__DIRECTIONS__
Reproduce the lines below exactly, from the one containing "abbott-laboratories-logo.png" through the one containing "Manta Network and Polygon collaboration", both included. Leave out any pictures.

__THE RECORDS__
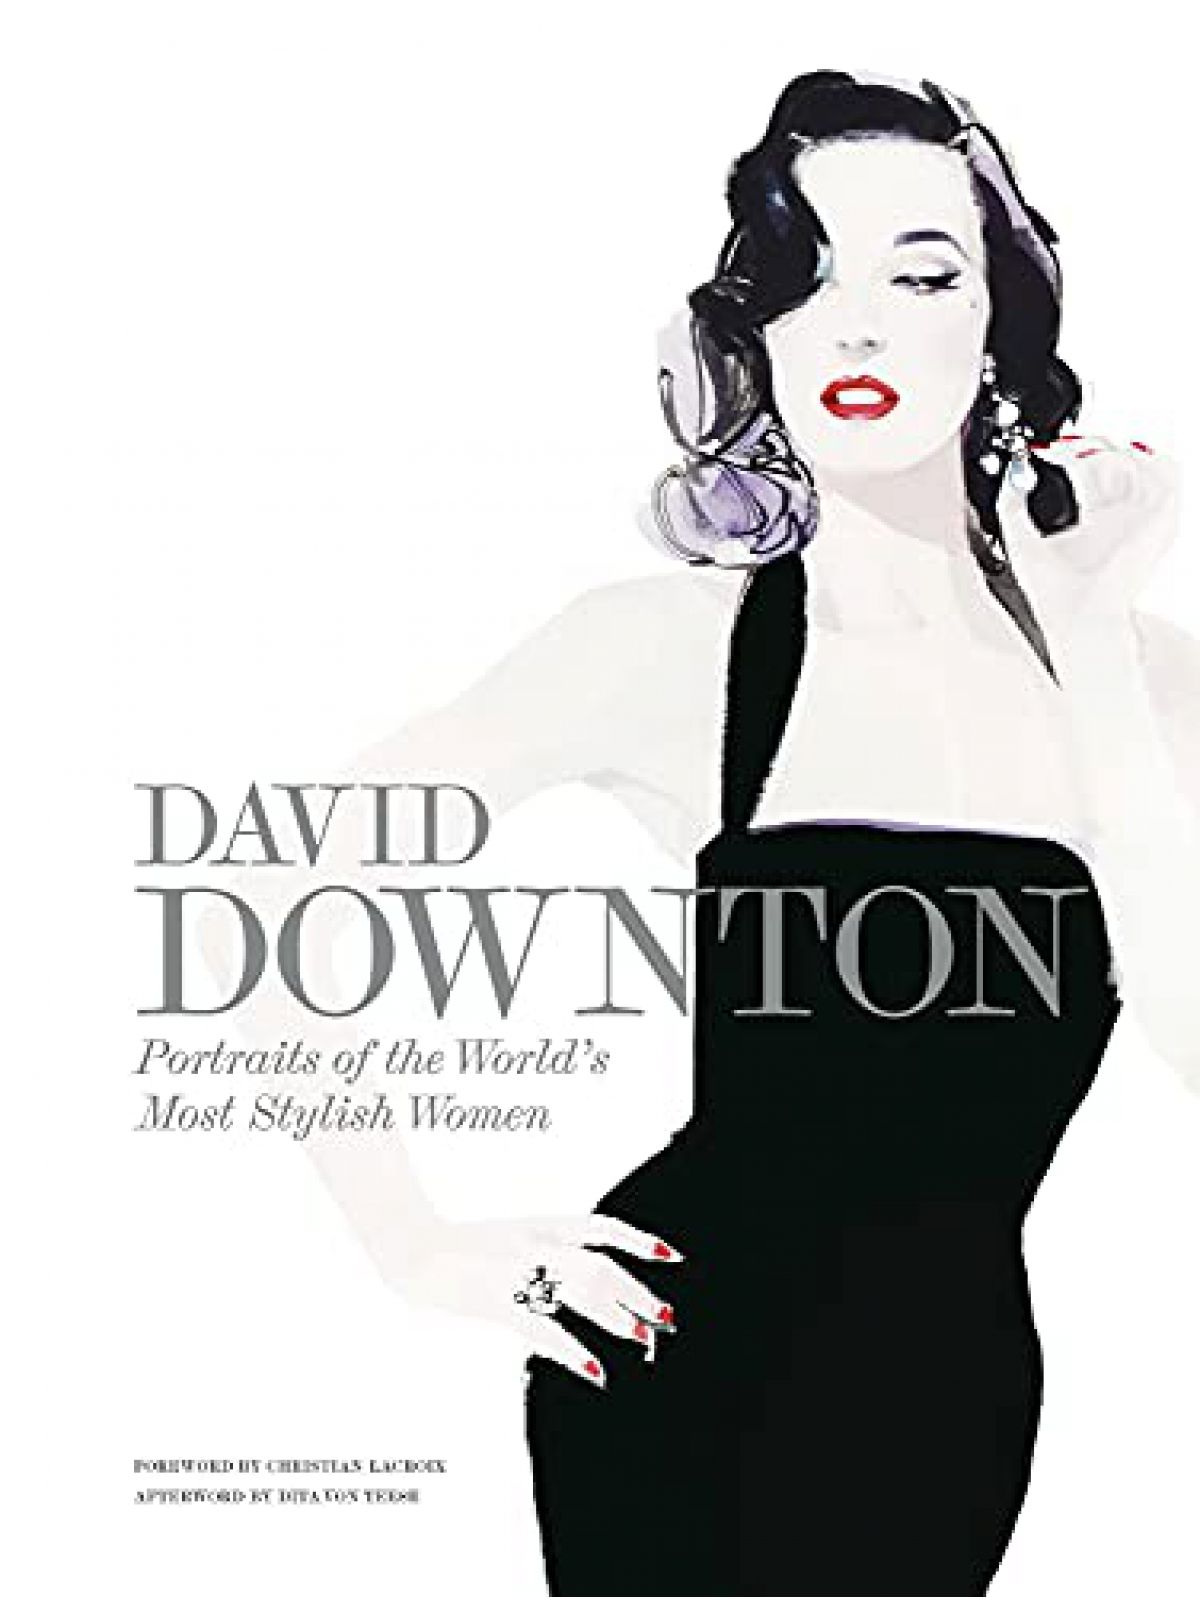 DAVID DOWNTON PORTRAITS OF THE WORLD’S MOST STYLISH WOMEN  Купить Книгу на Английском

==

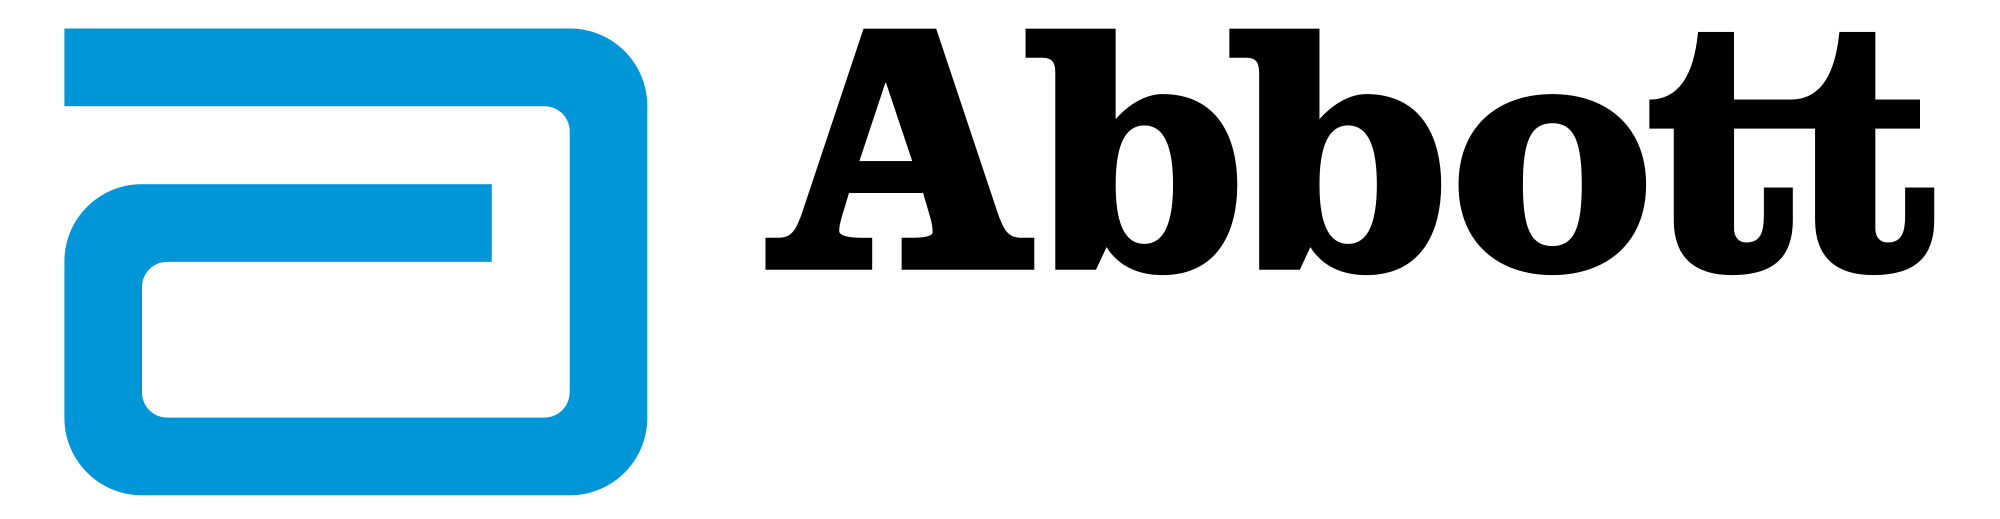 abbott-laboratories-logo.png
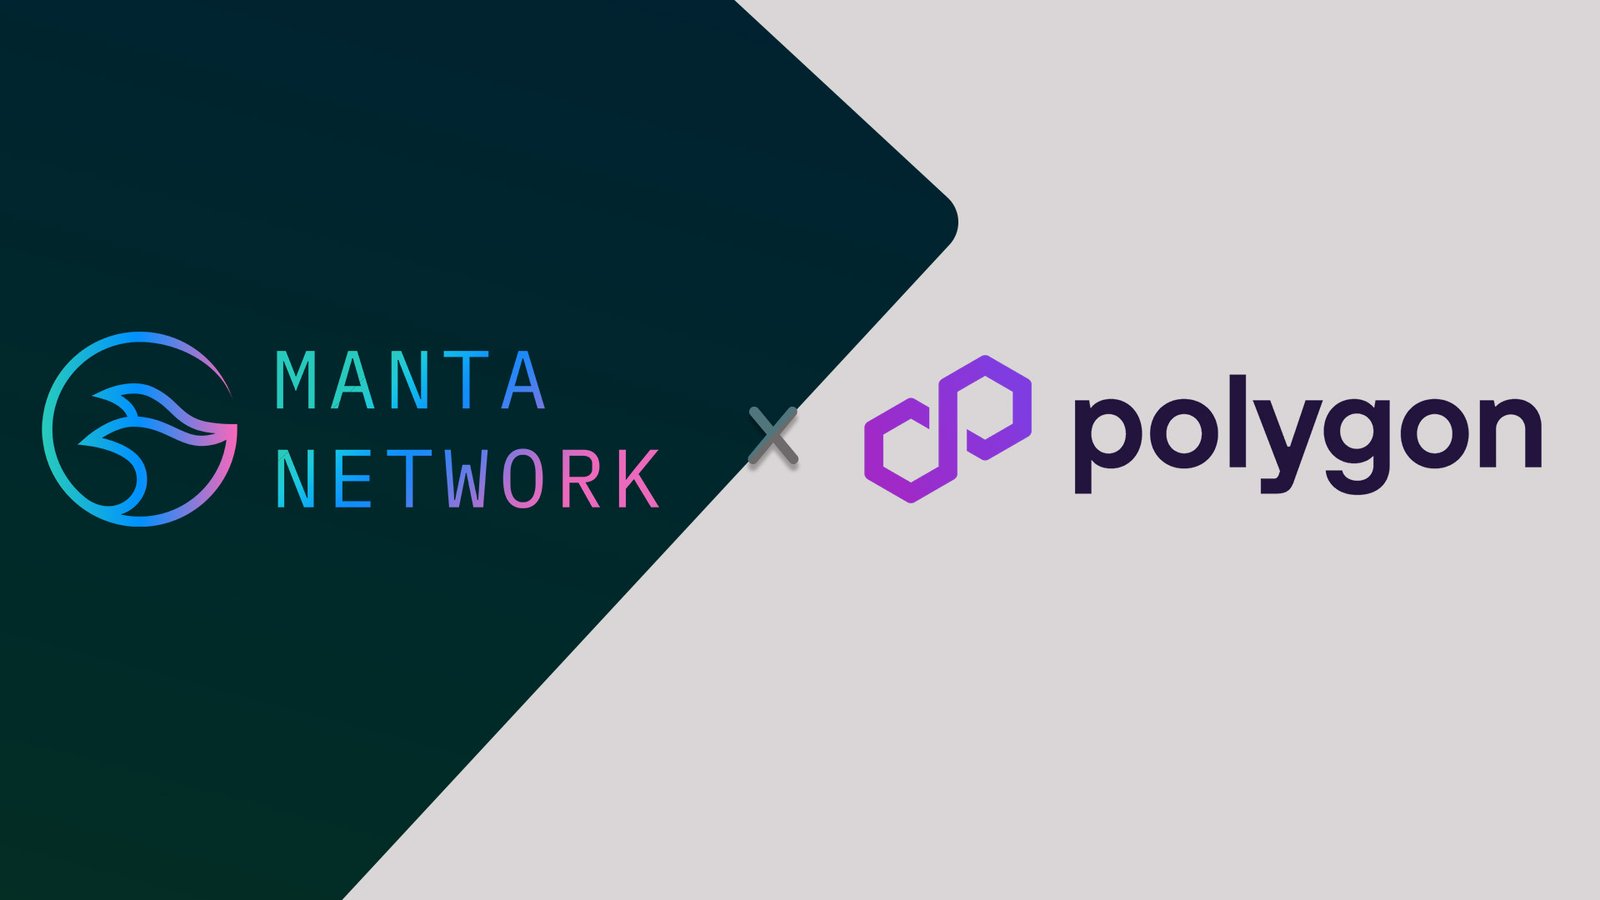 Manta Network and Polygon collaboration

__SOLUTION TO THIS PROBLEM__
 abbott-laboratories-logo.png
 Manta Network and Polygon collaboration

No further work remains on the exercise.